The Pew Research Center's Project for Excellence in Journalism spent a year looking to identify newspaper successes in the search for new business models, producing a report analyzing four dailies — including the Deseret News — whose executives shared the motivation, strategy and internal data behind their new business models.
"One paper, contrary to a downward industry trend, has enjoyed an increase in overall revenue in both 2011 and 2012," the Pew report said in its study overview. "Another has seen digital revenues average nearly 50 percent annual growth since 2010. A third has developed a fast-growing revenue stream outside of the core business while the fourth has seen the growth of digital revenue largely offset print losses."
All of the organizations embarked on business-side experiments over the past two or three years, with each introducing different innovations that were tailored to the particulars of their own markets.
At the Deseret News, the paper shifted its focus of coverage from general interest to core areas like faith, family, education, values in the media, financial responsibility and care for the poor, and put a particular emphasis on enterprise reporting. The innovations at the paper were perhaps the most comprehensive of those studied, according to Pew.
"Operating a news organization owned by a religious organization means CEO Clark Gilbert hears concerns that the paper has an underlying agenda," the Pew report said. However, Gilbert told Pew that the paper's mission is not to promote an agenda, but rather to produce quality enterprise journalism on a range of topics that he believes much of the media does not understand.
The journalism has "to be rigorous," Gilbert said. "It can't be denominational. But it's asking questions that people of faith and people who are family oriented would ask."

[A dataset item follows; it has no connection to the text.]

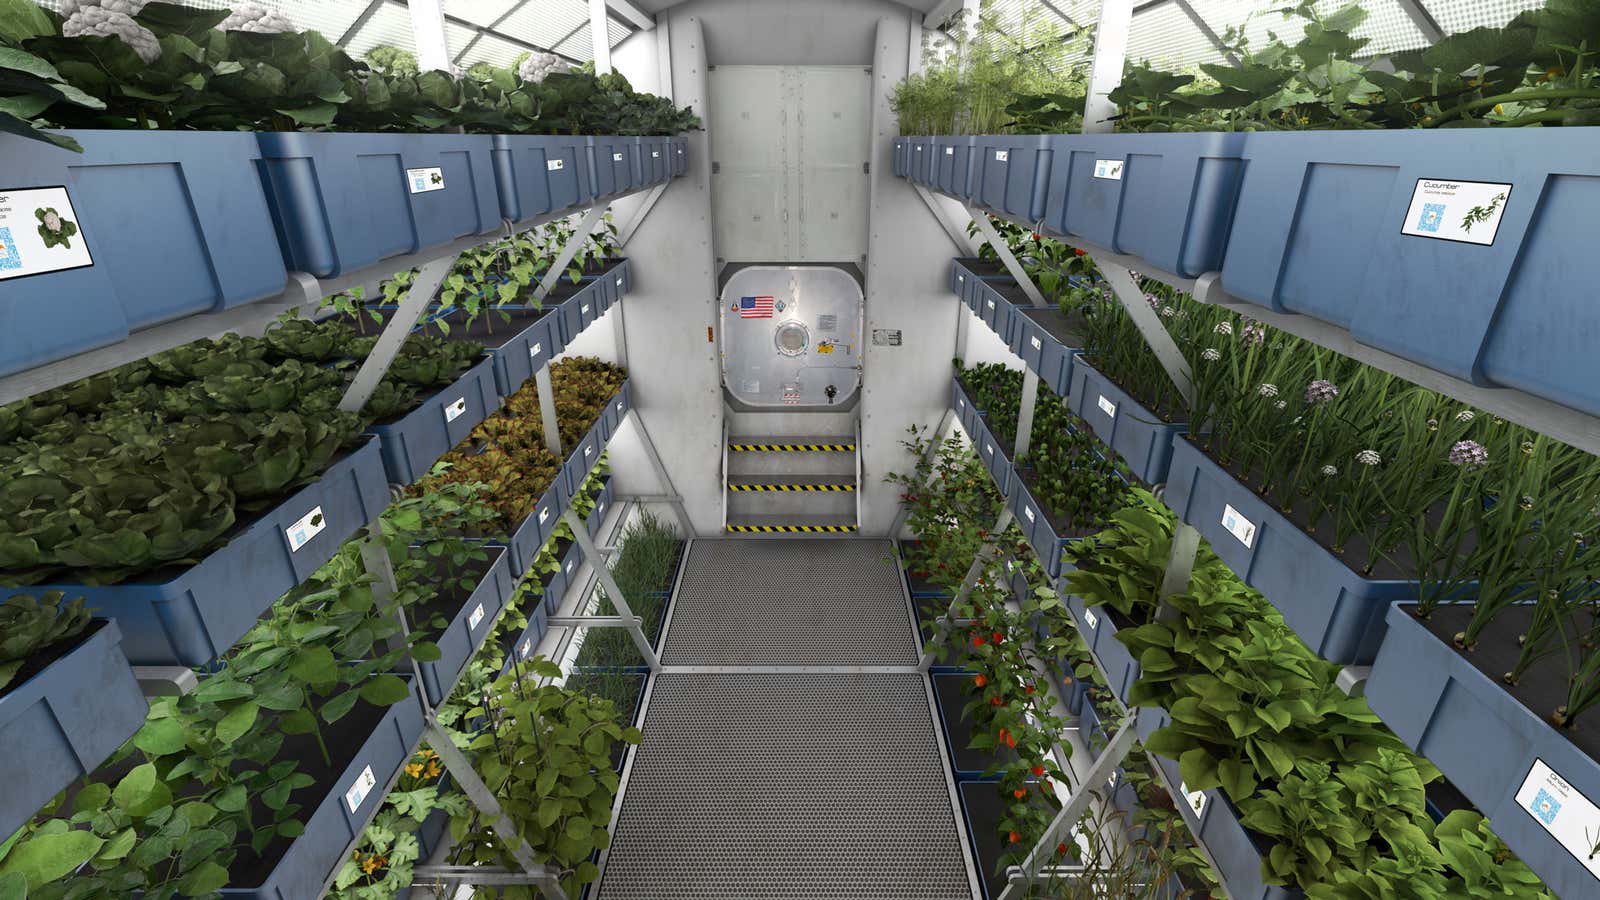 Space gardens of the future?

As part of the changes at the Deseret News, Gilbert engineered a major reorganization of the Deseret media properties and focused on "building a digital company, creating a new-and more narrowly focused-editorial identity for the newspaper and unveiling a weekly national print edition," Pew said.
The results, according to Pew's report, show that "digital revenue has been growing at over 40 percent a year since 2010 while daily and Sunday circulation jumped about 33 percent and 90 percent respectively from September 2011 to September 2012."